There are two subtypes of vitiligo, generalized (nonsegmental) and segmental, which probably are distinctly different diseases (Table 645-2). Generalized vitiligo (85-90% of cases) may be divided into widespread (type A) and localized (type B). About 50% of all patients with vitiligo have onset before 18 yr of age, and 25% demonstrate depigmentation before age 8. Most children have the generalized form, but the segmental type is more common among children than among adults. Patients with the generalized form usually present with a remarkably symmetric pattern of white macules and patches (Fig. 645-4); the margins may be somewhat hyperpigmented. The patches tend to be acral and/or periorificial. Occasionally, almost the entire skin surface becomes depigmented.

Table 645-2 TYPICAL FEATURES OF SEGMENTAL AND NONSEGMENTAL VITILIGO

SEGMENTAL VITILIGO NONSEGMENTAL VITILIGO
Often begins in childhood Can begin in childhood, but later onset is more common
Has rapid onset and stabilizes Is progressive, with flare-ups
Involves hair compartment soon after onset Involves hair compartment in later stages
Is usually not accompanied by other autoimmune diseases Is often associated with personal or family history of auto-immunity
Often occurs in the face Commonly occurs at sites sensitive to pressure and friction and prone to trauma
Is usually responsive to autologous grafting, with stable repigmentation Frequently relapses in situ after autologous grafting
Can be difficult to distinguish from nevus depigmentosus, especially in cases with early onset  

From Taïeb A, Picardo M: Vitiligo, N Engl J Med 360:160–168, 2009.
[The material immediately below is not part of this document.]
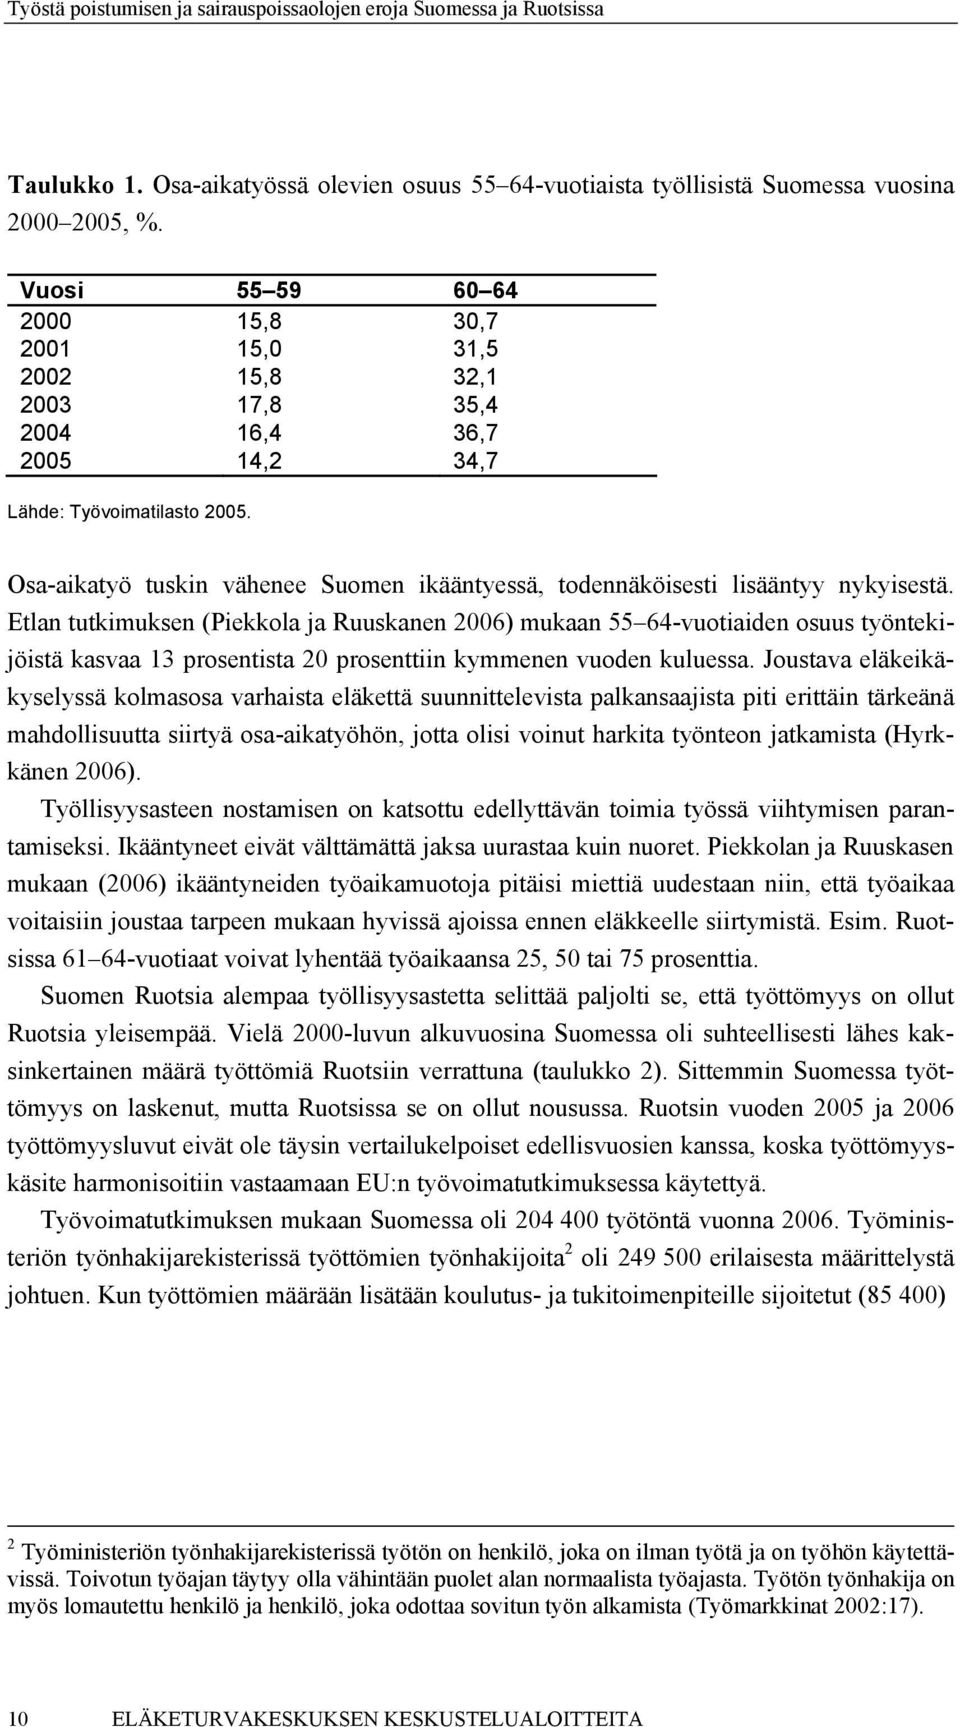 Osa-aikatyö tuskin vähenee Suomen ikääntyessä, todennäköisesti lisääntyy nykyisestä.

There are several varieties of localized vitiligo. A form of localized vitiligo is the halo nevus phenomenon, whereby benign moles develop depigmented rings at the periphery. Premature graying of scalp hair (canities) has also been considered a form of localized vitiligo. In segmental vitiligo, depigmented areas are limited to a quasidermatomal distribution. This type of vitiligo has a rapid onset and progression in a localized area without the development of depigmentation in other areas.

A number of autoimmune diseases occur in patients with vitiligo, including Addison disease, Hashimoto thyroiditis, pernicious anemia, diabetes mellitus, hypoparathyroidism, and polyglandular autoimmune syndrome with selective immunoglobulin (Ig) A deficiency. In addition, other diseases with possible immune defects, such as alopecia areata and morphea, have been seen in patients with vitiligo.

Vogt-Koyanagi-Harada syndrome is vitiligo associated with uveitis, dysacusia, meningoencephalitis, and depigmentation of the skin, scalp hair, eyebrows, and eyelashes. In the Alezzandrini syndrome, vitiligo is associated with tapetoretinal degeneration and deafness.

Light microscopic examination of early lesions shows mild inflammatory change. Over time, degenerative changes occur in melanocytes, leading to their complete disappearance.

The differential diagnosis of vitiligo includes other causes of widespread acquired leukoderma. The two most common problem diagnoses are tinea versicolor and postinflammatory hypopigmentation.